------ Supplied data
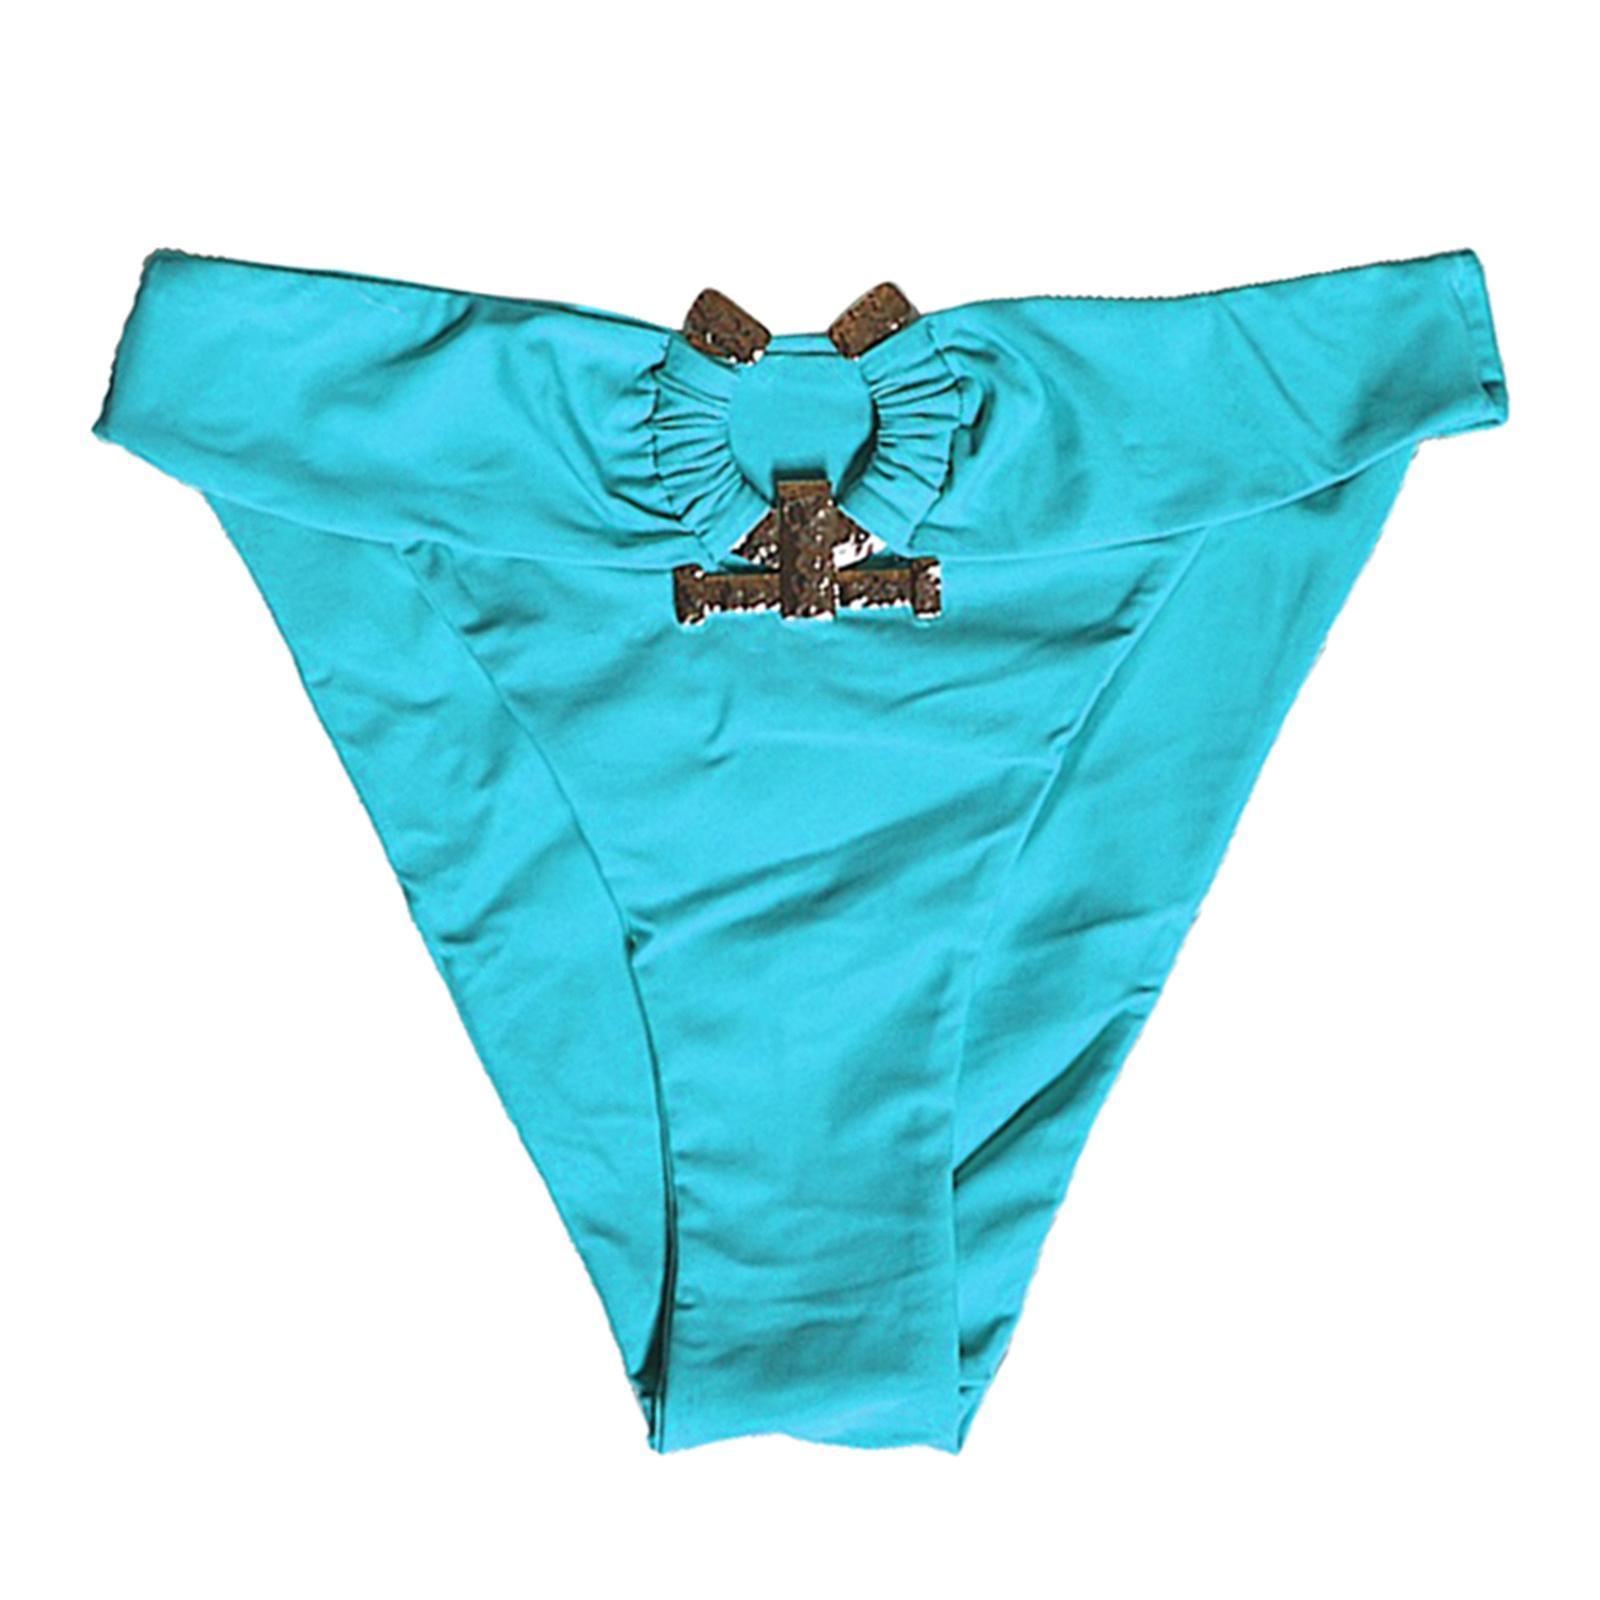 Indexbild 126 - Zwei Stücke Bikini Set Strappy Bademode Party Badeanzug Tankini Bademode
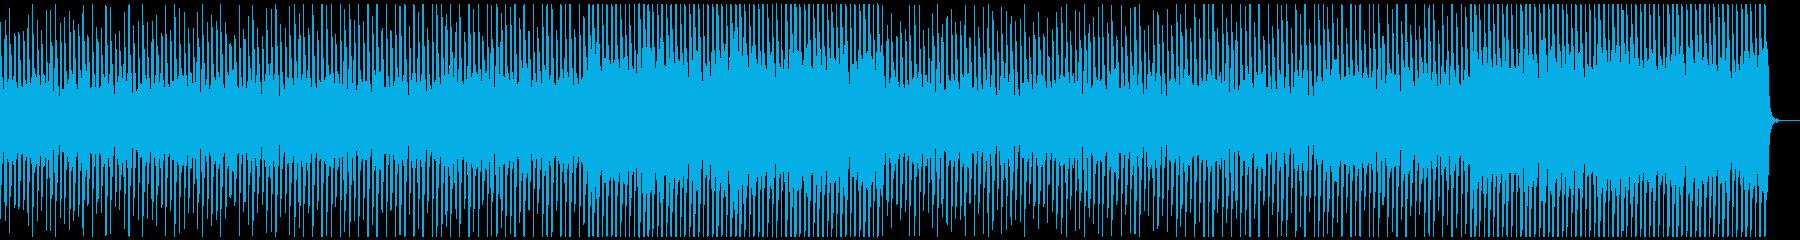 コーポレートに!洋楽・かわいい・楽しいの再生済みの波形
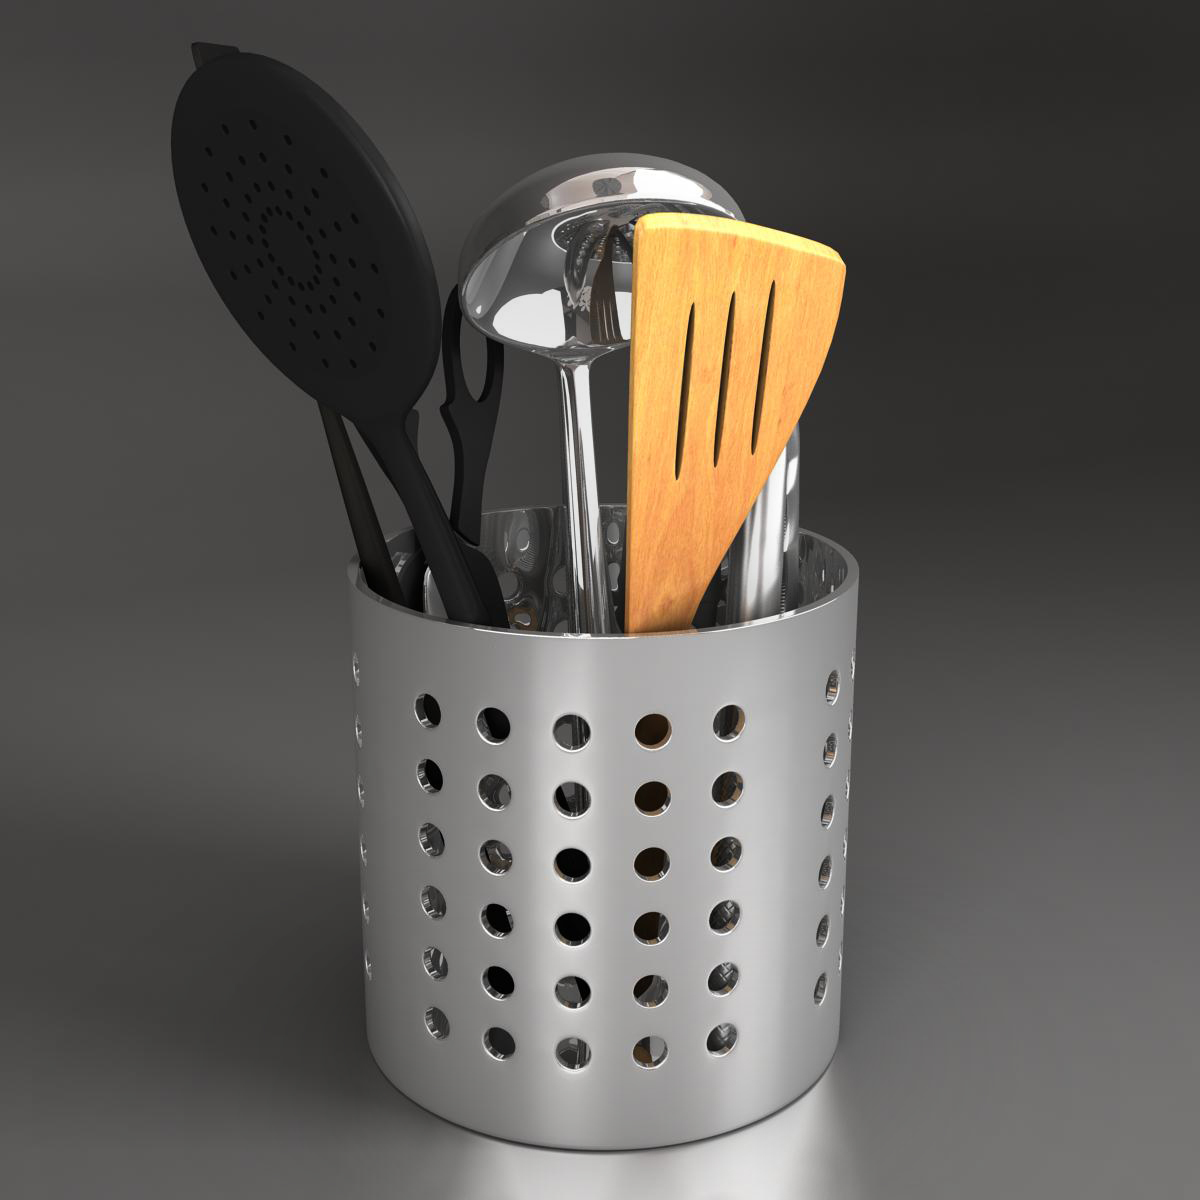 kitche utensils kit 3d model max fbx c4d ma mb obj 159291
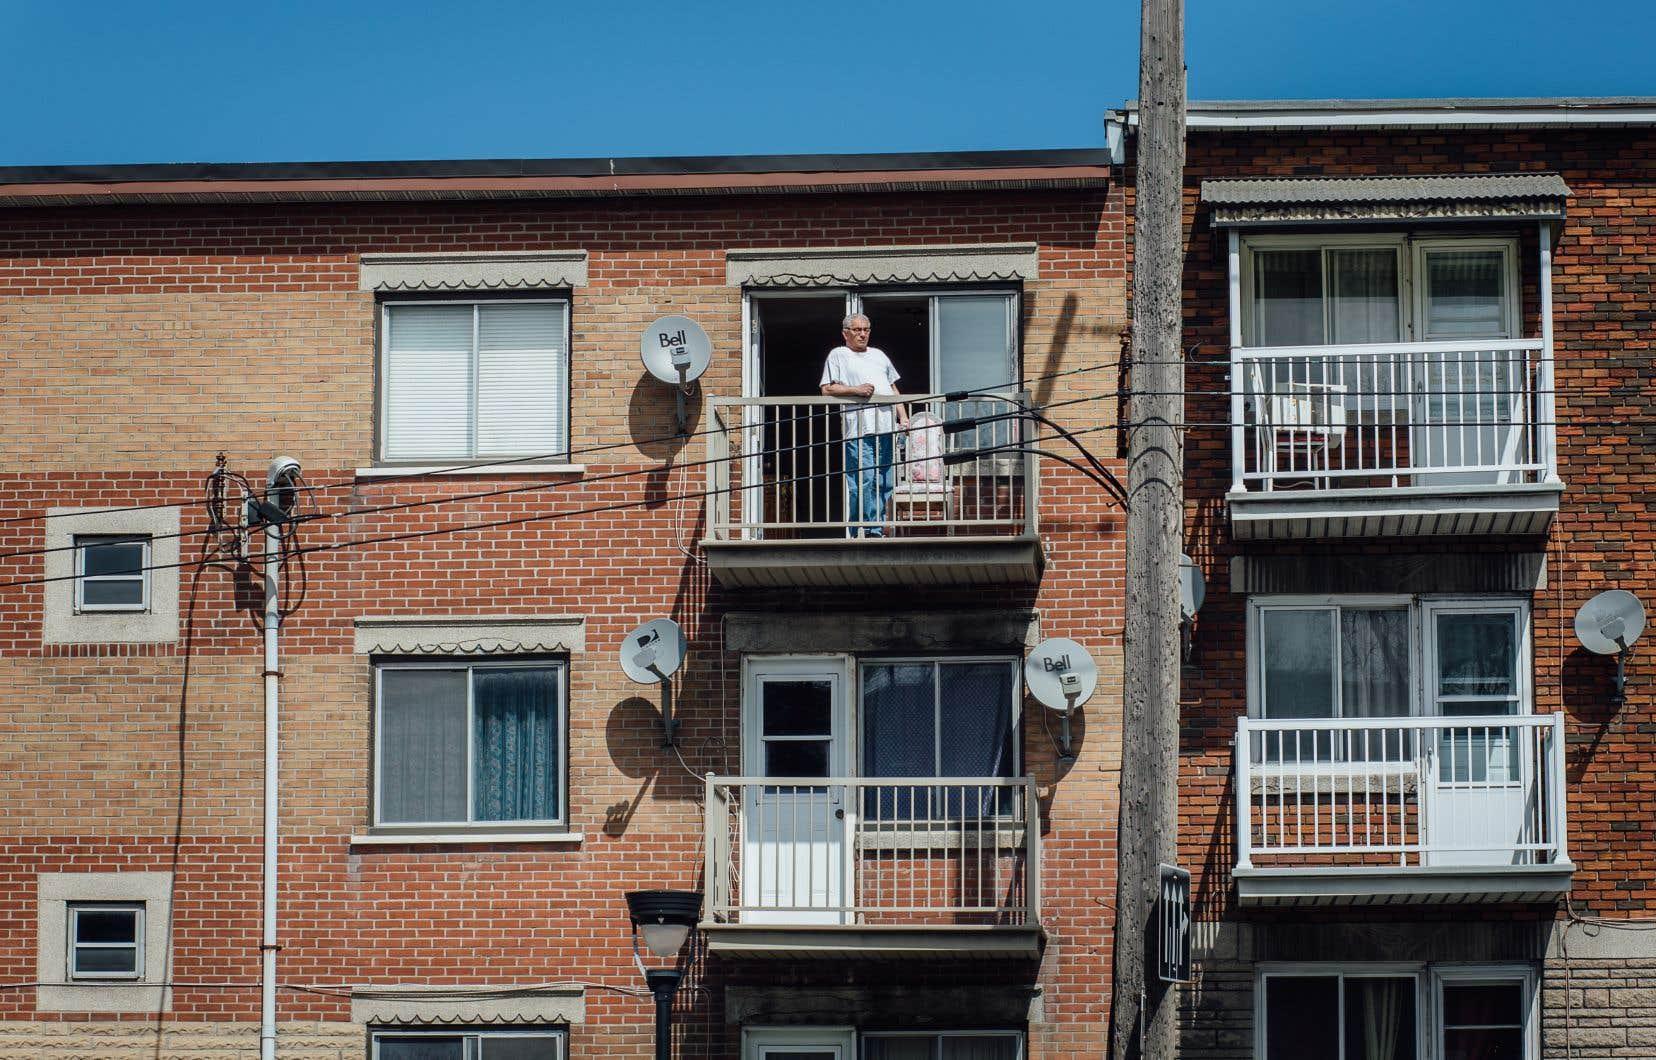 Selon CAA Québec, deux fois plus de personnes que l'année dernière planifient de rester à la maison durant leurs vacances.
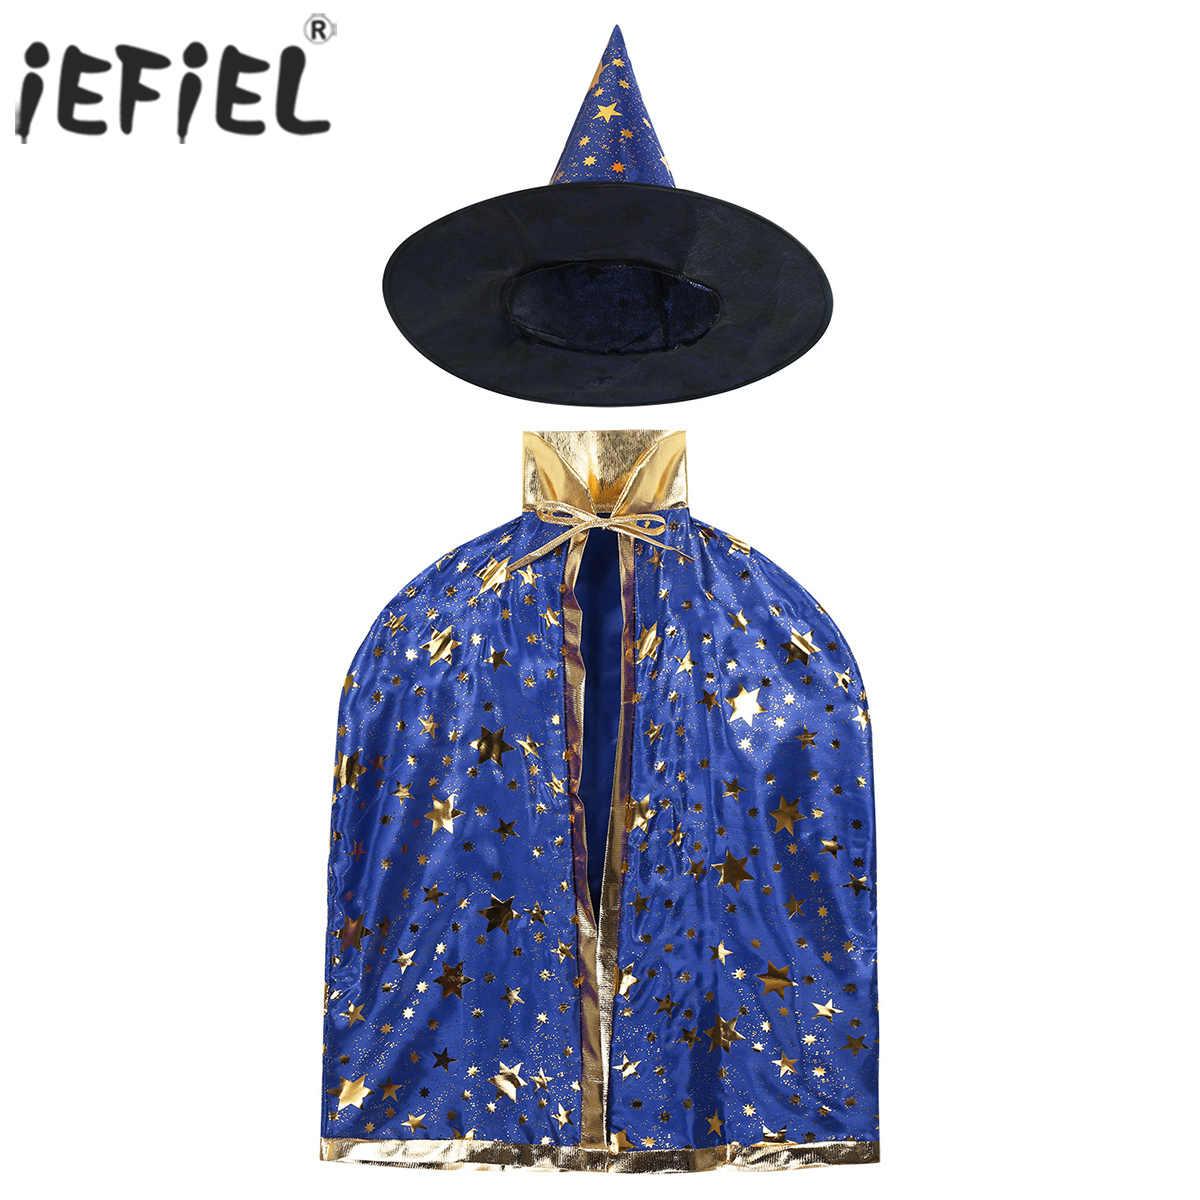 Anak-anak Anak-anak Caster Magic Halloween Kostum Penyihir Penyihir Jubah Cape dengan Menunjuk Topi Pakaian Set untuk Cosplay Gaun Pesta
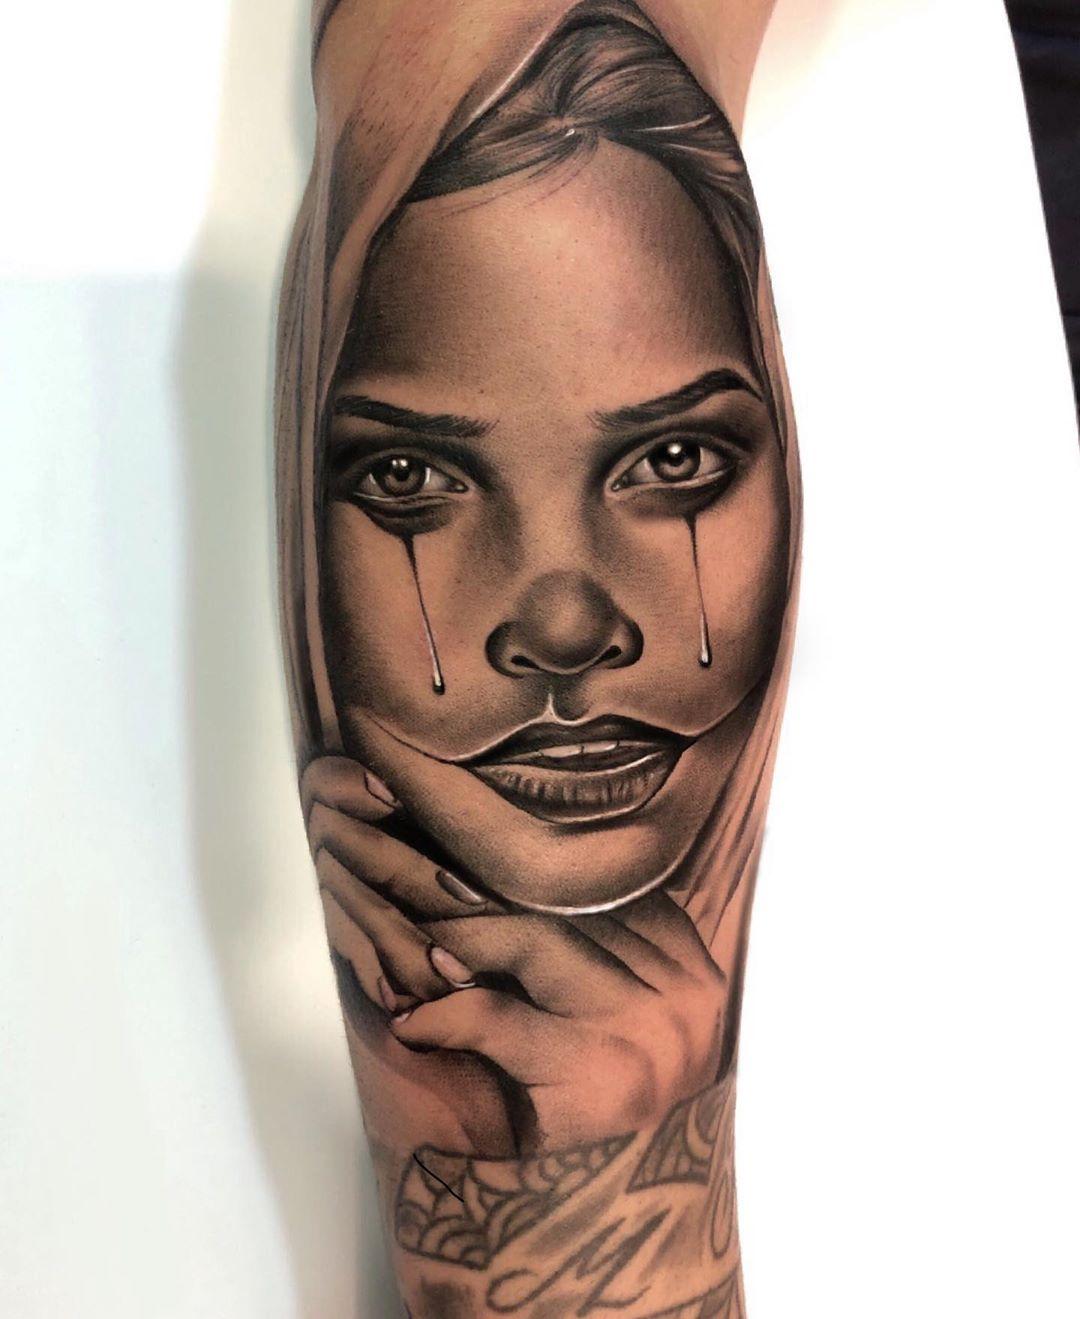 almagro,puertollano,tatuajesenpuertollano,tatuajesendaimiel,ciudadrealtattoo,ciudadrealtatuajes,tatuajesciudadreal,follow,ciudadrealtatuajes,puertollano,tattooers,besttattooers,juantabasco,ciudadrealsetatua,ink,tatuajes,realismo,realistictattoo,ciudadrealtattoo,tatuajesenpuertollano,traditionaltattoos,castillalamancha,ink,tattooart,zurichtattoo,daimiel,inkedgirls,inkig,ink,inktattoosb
------------
What you are asked to do | Reproduce the whole listing exactly, but not the images in it.

Response to the task |
 Indexbild 126 - Zwei Stücke Bikini Set Strappy Bademode Party Badeanzug Tankini Bademode
 コーポレートに!洋楽・かわいい・楽しいの再生済みの波形
 kitche utensils kit 3d model max fbx c4d ma mb obj 159291
 Selon CAA Québec, deux fois plus de personnes que l'année dernière planifient de rester à la maison durant leurs vacances.
 Anak-anak Anak-anak Caster Magic Halloween Kostum Penyihir Penyihir Jubah Cape dengan Menunjuk Topi Pakaian Set untuk Cosplay Gaun Pesta
 almagro,puertollano,tatuajesenpuertollano,tatuajesendaimiel,ciudadrealtattoo,ciudadrealtatuajes,tatuajesciudadreal,follow,ciudadrealtatuajes,puertollano,tattooers,besttattooers,juantabasco,ciudadrealsetatua,ink,tatuajes,realismo,realistictattoo,ciudadrealtattoo,tatuajesenpuertollano,traditionaltattoos,castillalamancha,ink,tattooart,zurichtattoo,daimiel,inkedgirls,inkig,ink,inktattoosb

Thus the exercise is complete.